Salt water damages 7,000 ha of C. Luzon farms

CITY OF SAN FERNANDO, Pampanga, Philippines—Salt water from Manila Bay has damaged some 7,000 hectares of rice lands in the coastal villages of Pampanga, Bulacan and Bataan in the last five years, forcing farmers to convert more than 1,000 ha of those lands into fish ponds.

Cases of saltwater intrusion in communities at the mouth of the Pampanga River have been steadily occurring during high tides in summer, said Remedios Ongtangco, director of the Bureau of Fisheries and Aquatic Resources (BFAR) in Central Luzon.

“There is sea [level] rise, which is an effect of global warming,” Ongtangco said in a telephone interview on Tuesday.

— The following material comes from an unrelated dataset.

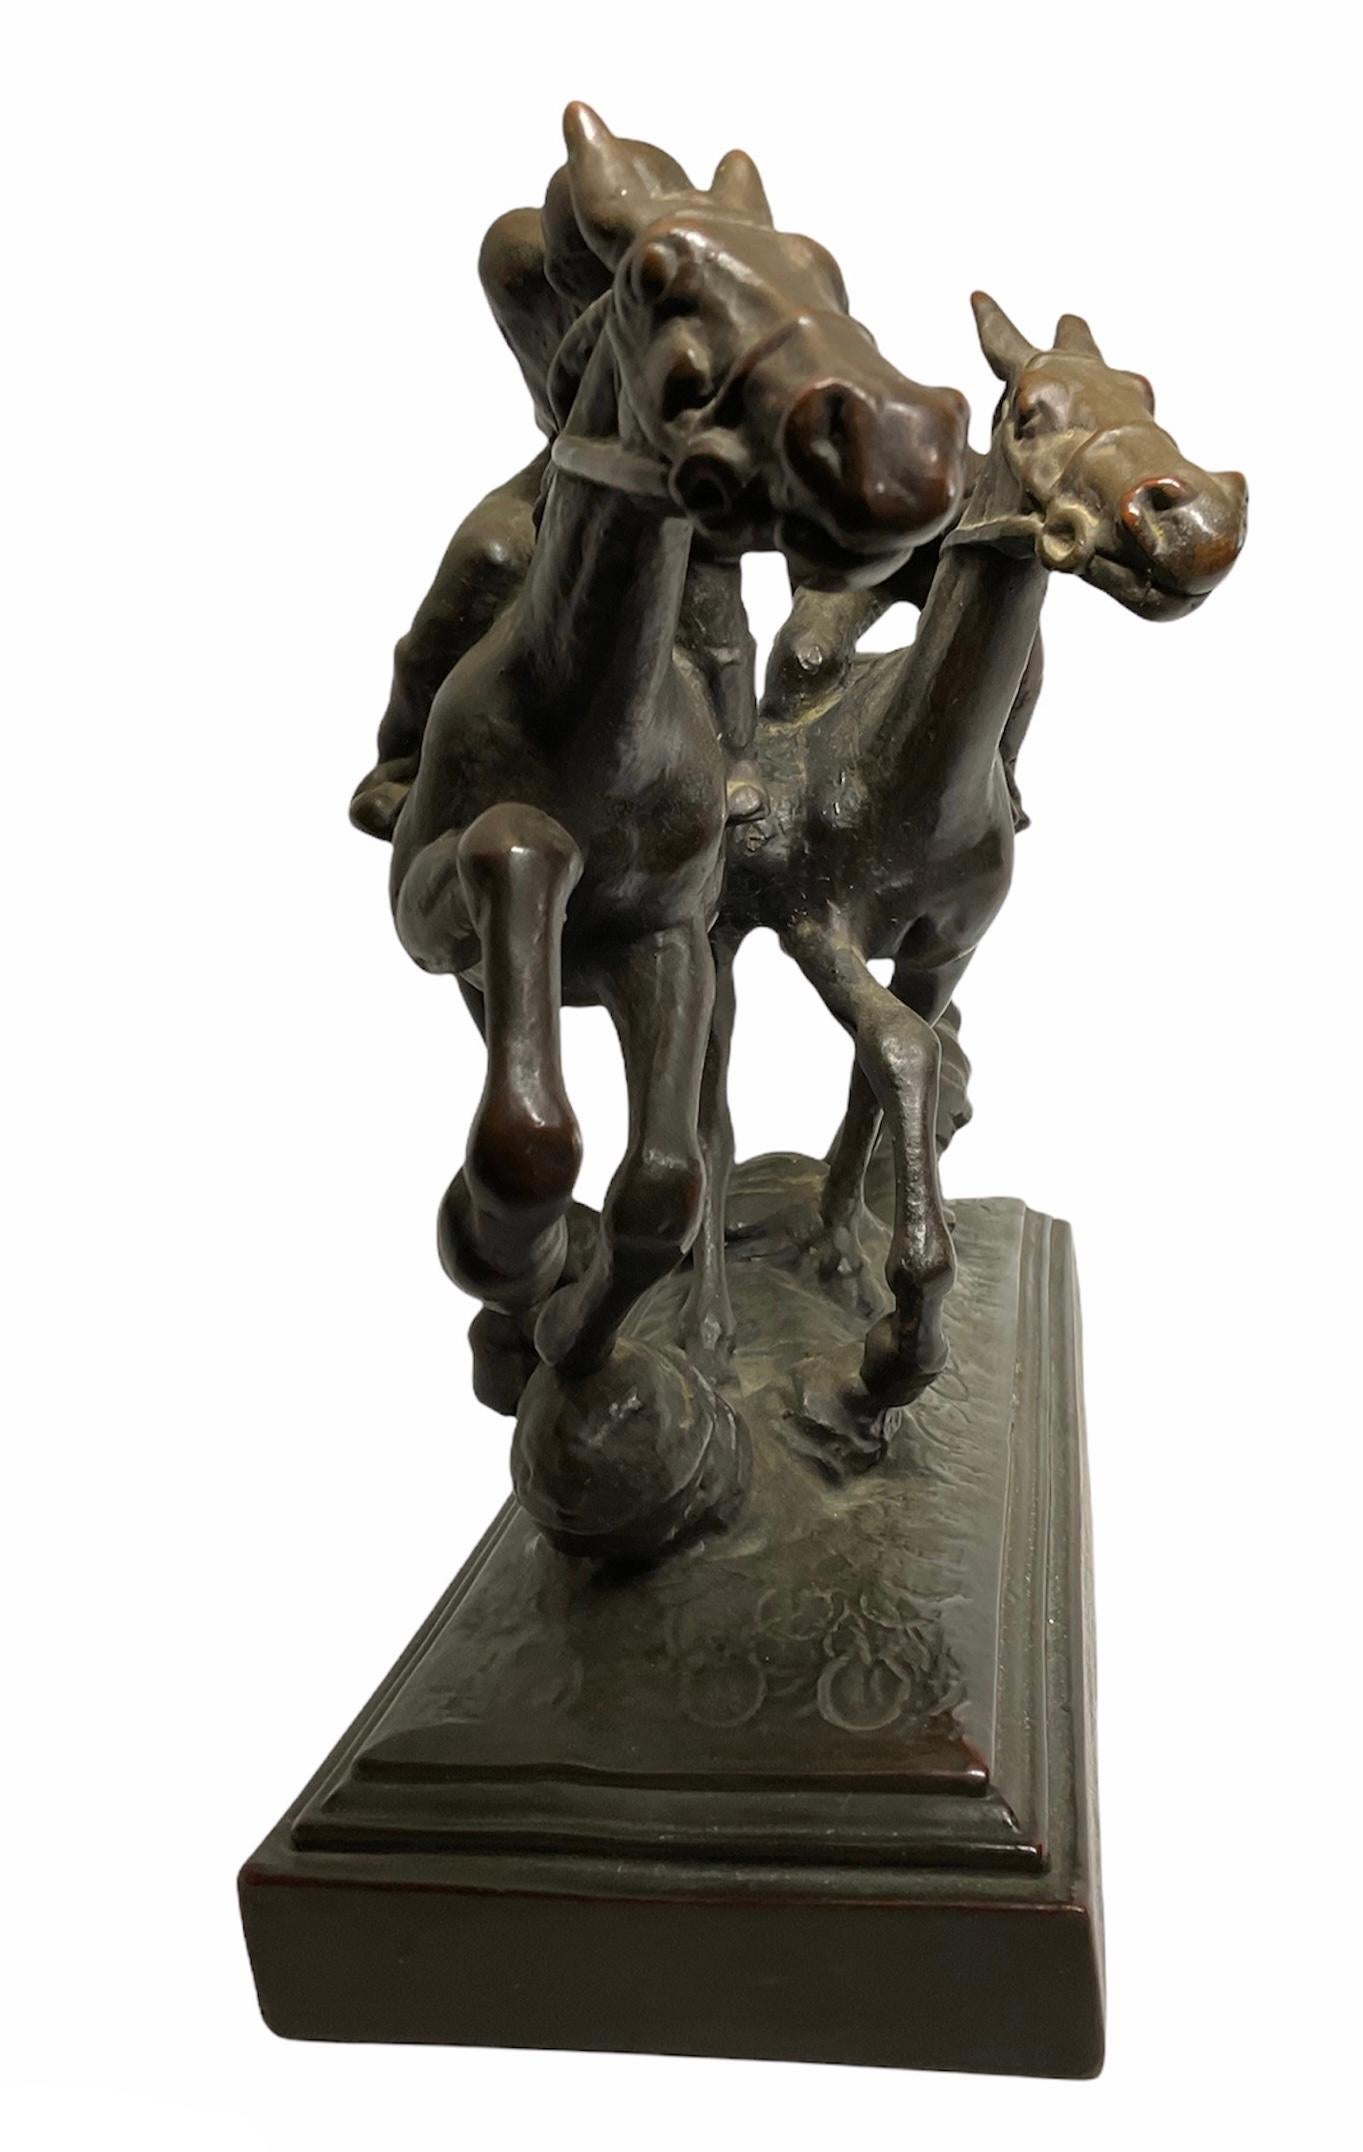 Victorian Paul Herzel Patinated Bronze Sculpture of “Hot-Blooded”Horses
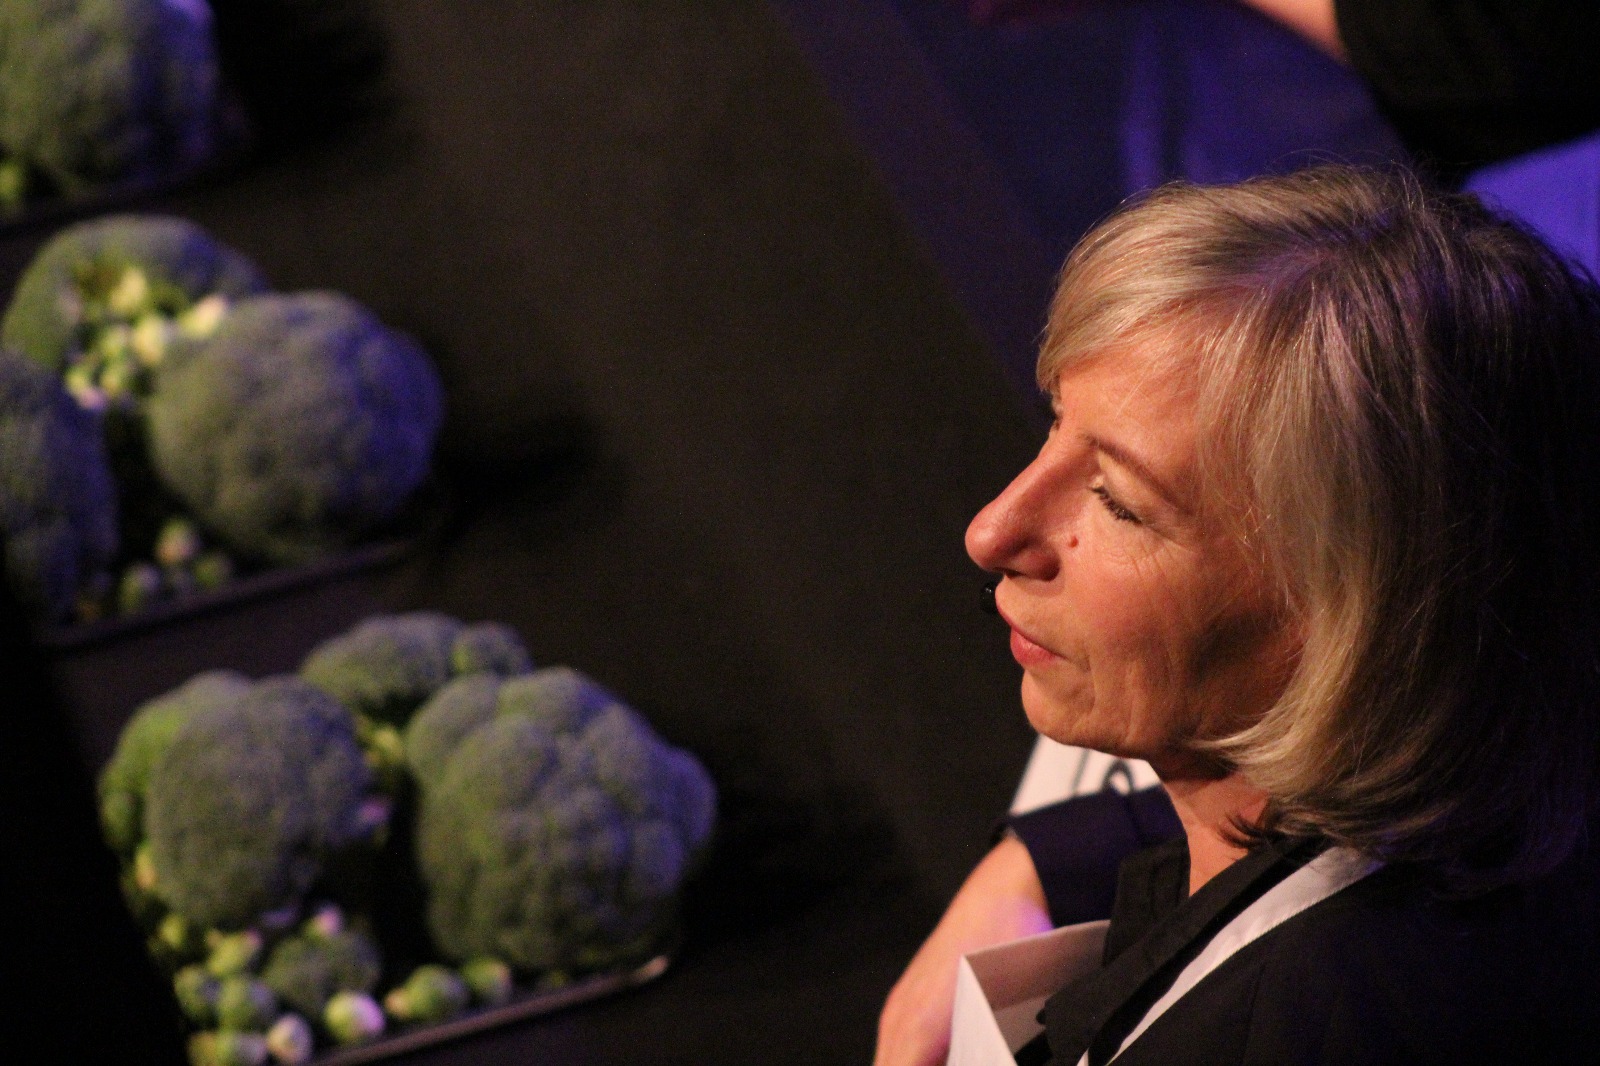 Linda Spaanbroek naast toonbank met broccoli en spruitjes

She said reports indicated that seawater has submerged farmlands in Minalin, Macabebe and Masantol towns in Pampanga; Hagonoy and Calumpit towns in Bulacan; and Hermosa and Orani towns in Bataan.

The cases have become frequent in the last two years and worse when waters from upper Pampanga River and high tide from the Manila Bay meet at the mouth of the river, said Marcelo Lacap Jr., former vice mayor of Masantol and a fish pond owner.

The BFAR has helped farmers cope by developing hatcheries for saltwater tilapia fingerlings.

“Tilapia is a freshwater fish. But these are made to adapt to high levels of saline water,” Ongtangco said.

The Medium-Term Regional Development Plan in Central Luzon targets an increase in agriculture productivity and farming income.